Personal information
- Full name: Graham Polak
- Born: 16 June 1984 (age 41) Western Australia
- Original team: East Fremantle (WAFL)
- Draft: 4th overall, 2001 Fremantle
- Height: 194 cm (6 ft 4 in)
- Weight: 92 kg (203 lb)
- Position: Centre half back/centre half forward

Playing career^{1}
- Years: Club / Games (Goals)
- 2002–2006: Fremantle / 073 0(9)
- 2007–2010: Richmond / 038 (16)
- Total:  / 111 (25)
- ^{1} Playing statistics correct to the end of 2010.

Career highlights
- AFL Rising Star Nominee 2003;

= Graham Polak =

Australian rules footballer, born 1984

Graham Polak (born 16 June 1984) is a former Australian rules footballer who played for the Fremantle Football Club and the Richmond Football Club in the Australian Football League (AFL).

==Fremantle career==
Polak was raised in Geraldton, Western Australia.

Polak began his AFL career with the Fremantle Football Club after being drafted from East Fremantle in the WAFL with the fourth selection in the 2001 AFL draft (behind future stars of the game Luke Hodge, Luke Ball and Chris Judd.) He made his debut in round 1, 2002 in a Western Derby against the West Coast Eagles which Fremantle lost. In 2003 he had his best season to date, only missing one game (round 3) and playing in Fremantle's first ever finals match. He was nominated for the AFL Rising Star award in Round 9 and finished second in the end of year voting behind Sam Mitchell and ahead of Luke Ball and Daniel Wells.

Polak only played 12 games in 2005 and failed to improve due to a pre-season injury. He was recalled in round 3 of 2006, and due to injuries to Aaron Sandilands and Justin Longmuir, was often played in the new role of a ruckman, but still only managed 11 games for the season, and was overlooked for the finals.

==Richmond career==
On 13 October 2006, Polak was traded to the Richmond Football Club following speculation all week that he would be the key to the mega deal involving Collingwood's Chris Tarrant being traded to the Dockers. Since being at the Tigers, Polak has mainly played at centre-half back and finished seventh in Richmond's 2007 best and fairest award after playing in all 22 games for the season.

===Tram collision===
Late on 28 June 2008, Polak was struck by a Melbourne tram, and was placed in an induced coma with bruising to the brain, putting his football career in jeopardy.
Two days after being struck by the tram Polak was able to respond to commands and squeeze a family member's hand. The hospital has stated that the signs are 'encouraging'. Nearly a week after being hit by a tram Polak was moved to Epworth Rehabilitation Centre. He was then able to remember parts of the game he played against Carlton the day of his accident and was able to recognise loved ones and speak.

In late 2008, Richmond applied to the AFL to transfer Polak to the rookie list, primarily to free up a position on their senior list that would enable them to recruit Ben Cousins as well as re-draft David Gourdis. The AFL rejected this request, but Richmond still managed to select both players, Cousins in the Pre-season draft and Gourdis in the rookie draft. Polak returned to training during the 2009 pre-season and was selected to play in a NAB Challenge practice match against St Kilda.
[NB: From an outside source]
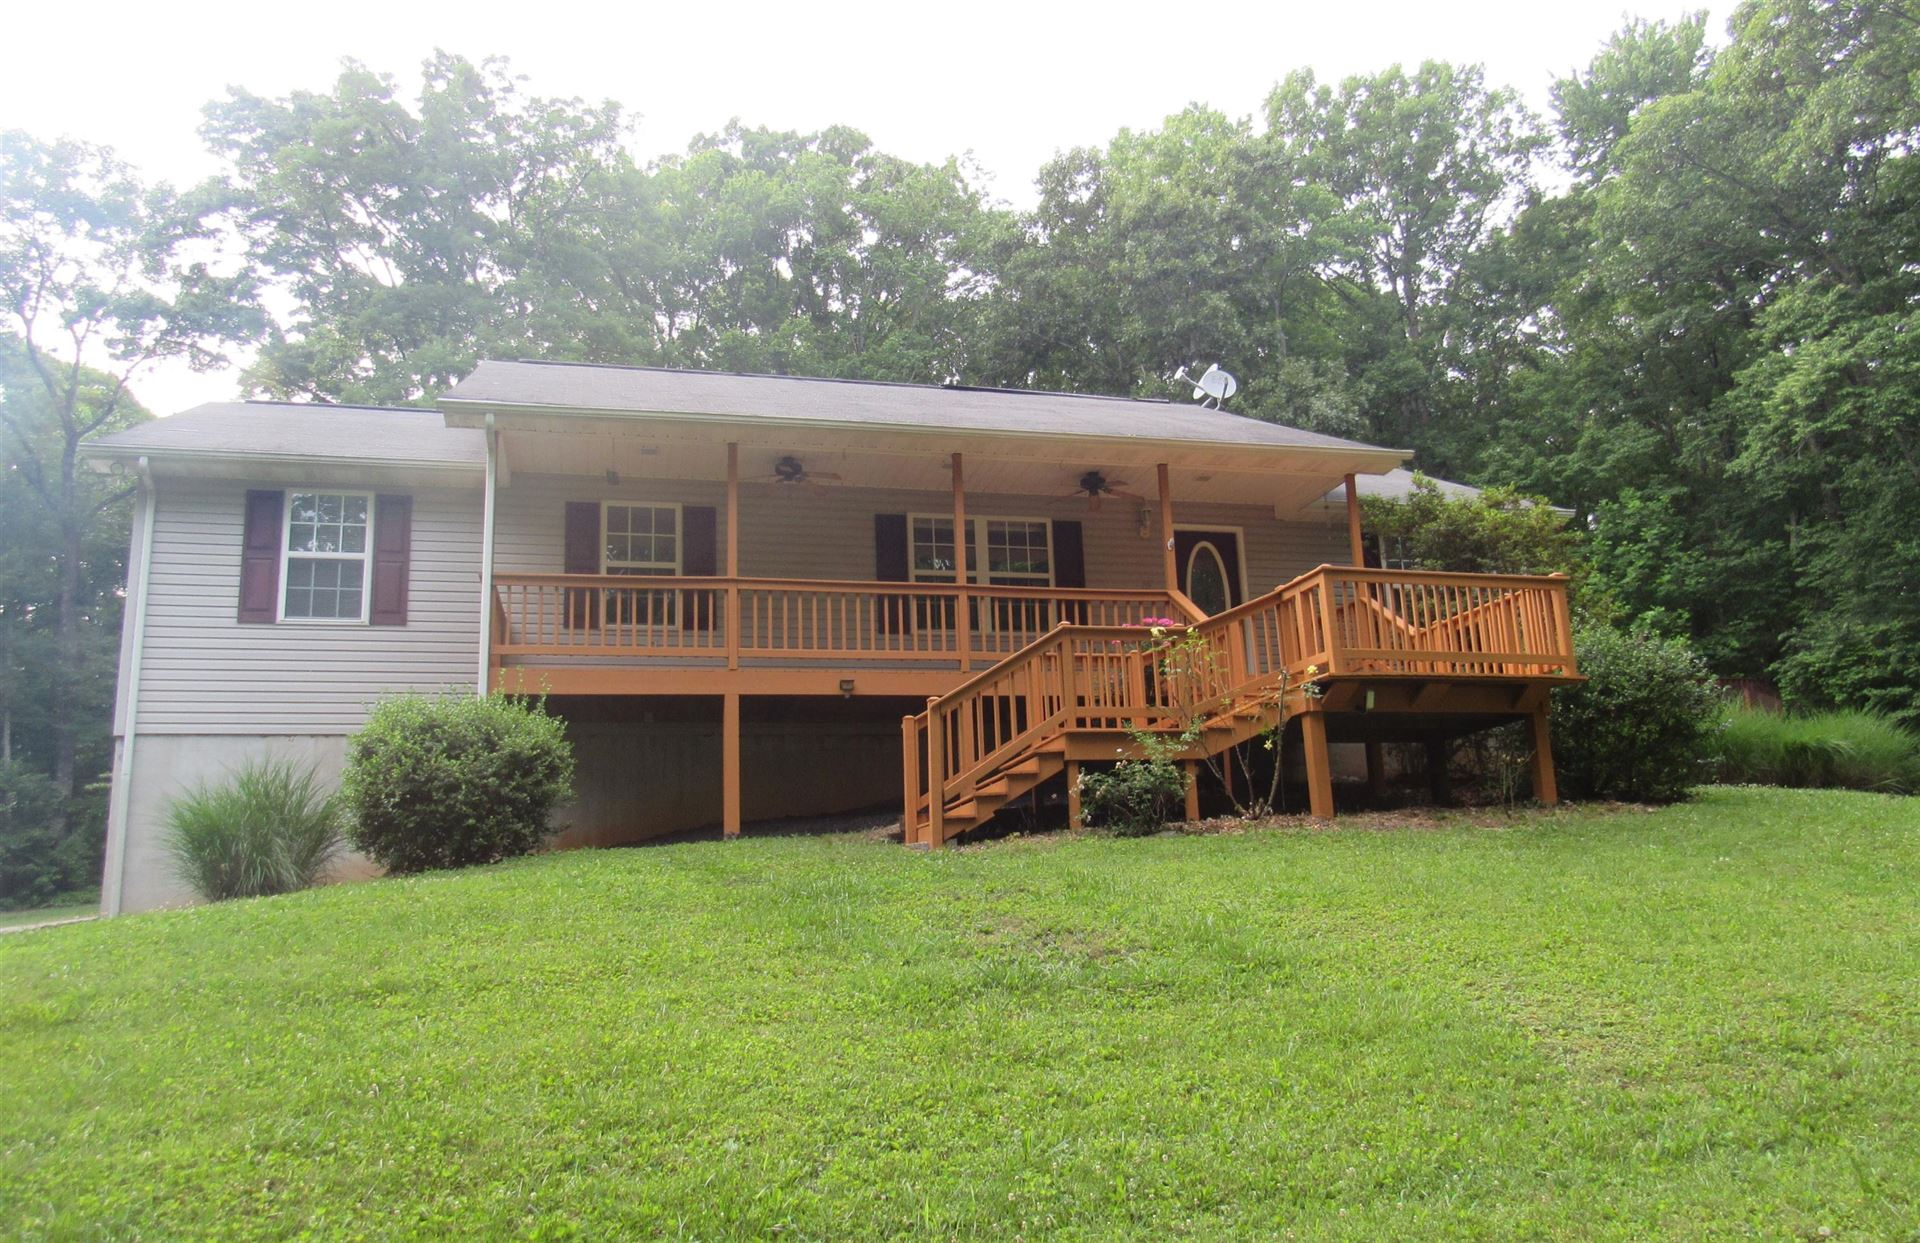 Photo of 180 Shelton Lane, Clinton, TN 37716 (MLS # 1119564)

Polak was named to make his return to the AFL in the Round 21 match against Hawthorn, nearly 13 months after being struck by the tram.

===Comeback===
At the end of the 2009 AFL season Polak was de-listed by the Tigers. He was then re drafted by the Tigers in the 2009 rookie draft as a mature aged rookie.
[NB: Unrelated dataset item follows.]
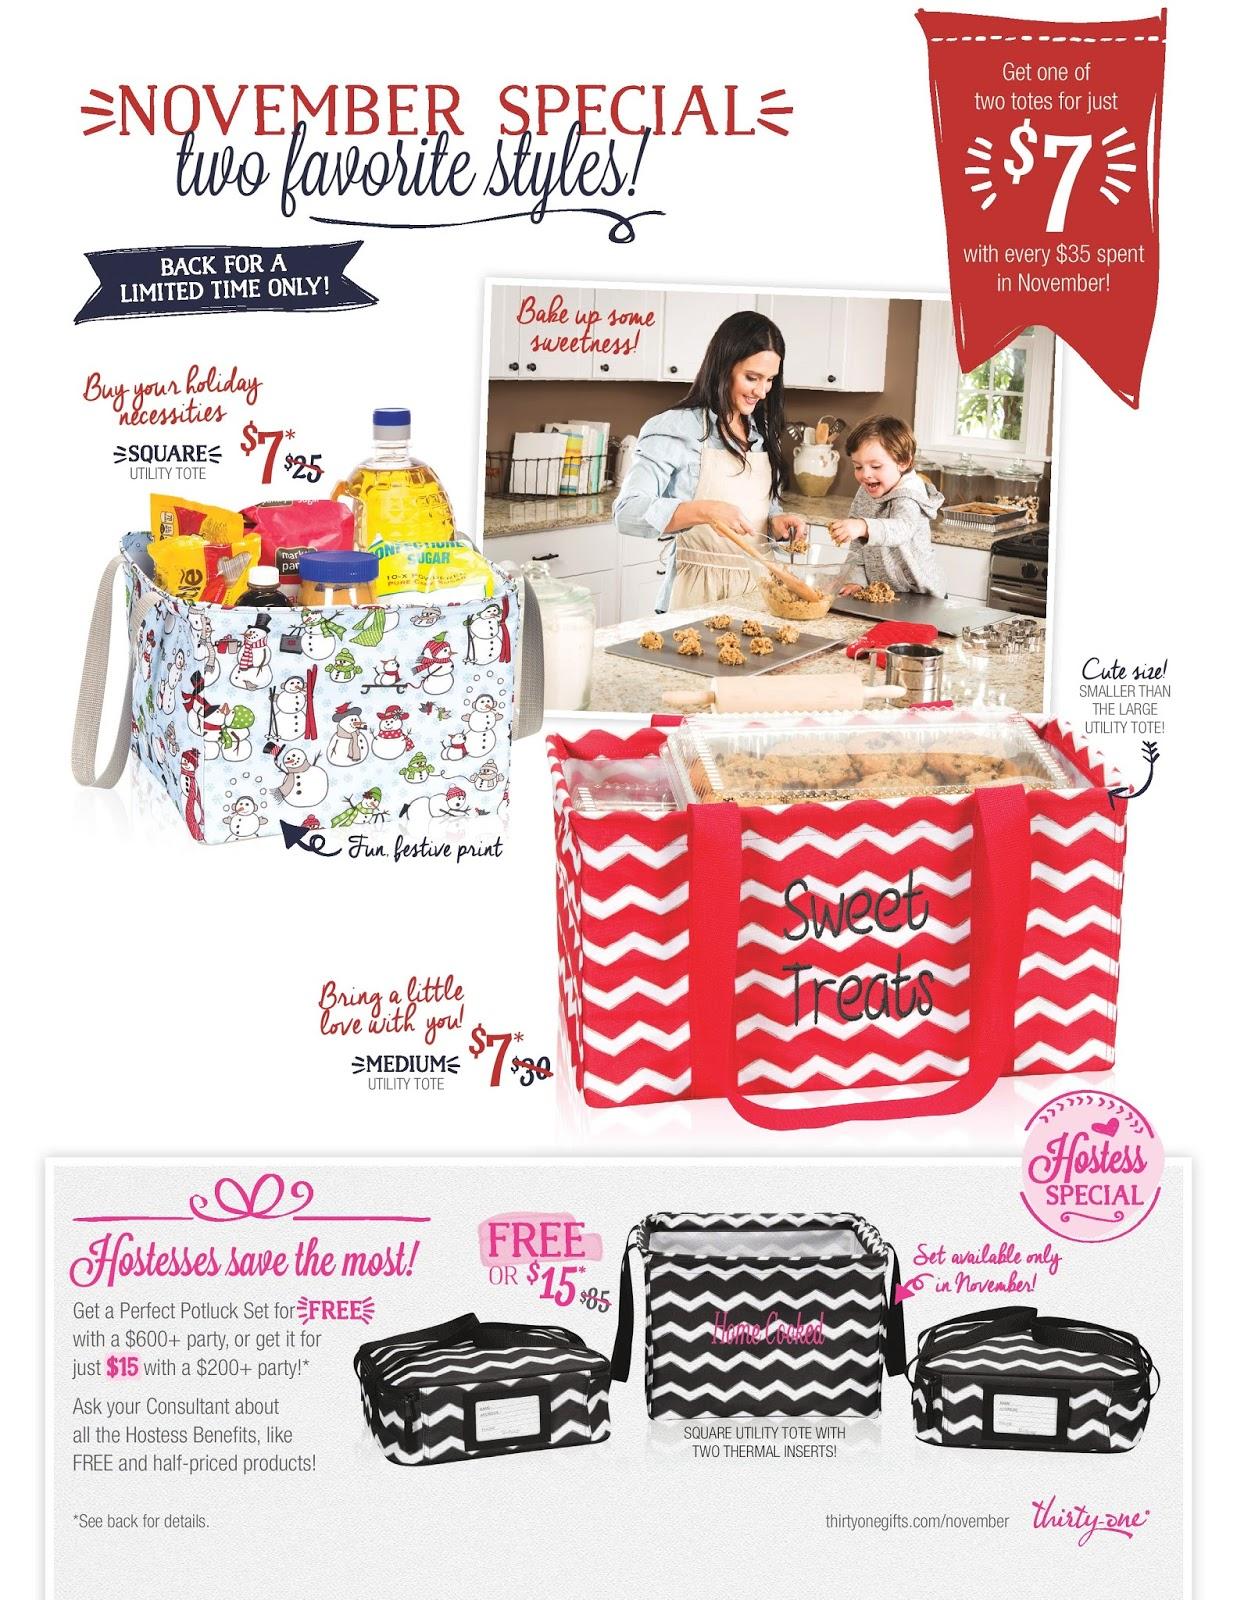 Thirty one november customer special 2014 - Friday November 7 2014

On 26 June 2010 and 31 July 2010 Polak suffered concussions while playing for Coburg in the VFL, again putting his football career in jeopardy.

===Retirement===
On 27 August 2010 Polak announced his retirement from AFL football. He returned to Perth to play in the West Australian Football League, but transferred from East Fremantle to East Perth. After suffering from further on-field head injuries, he retired from all football in June 2011.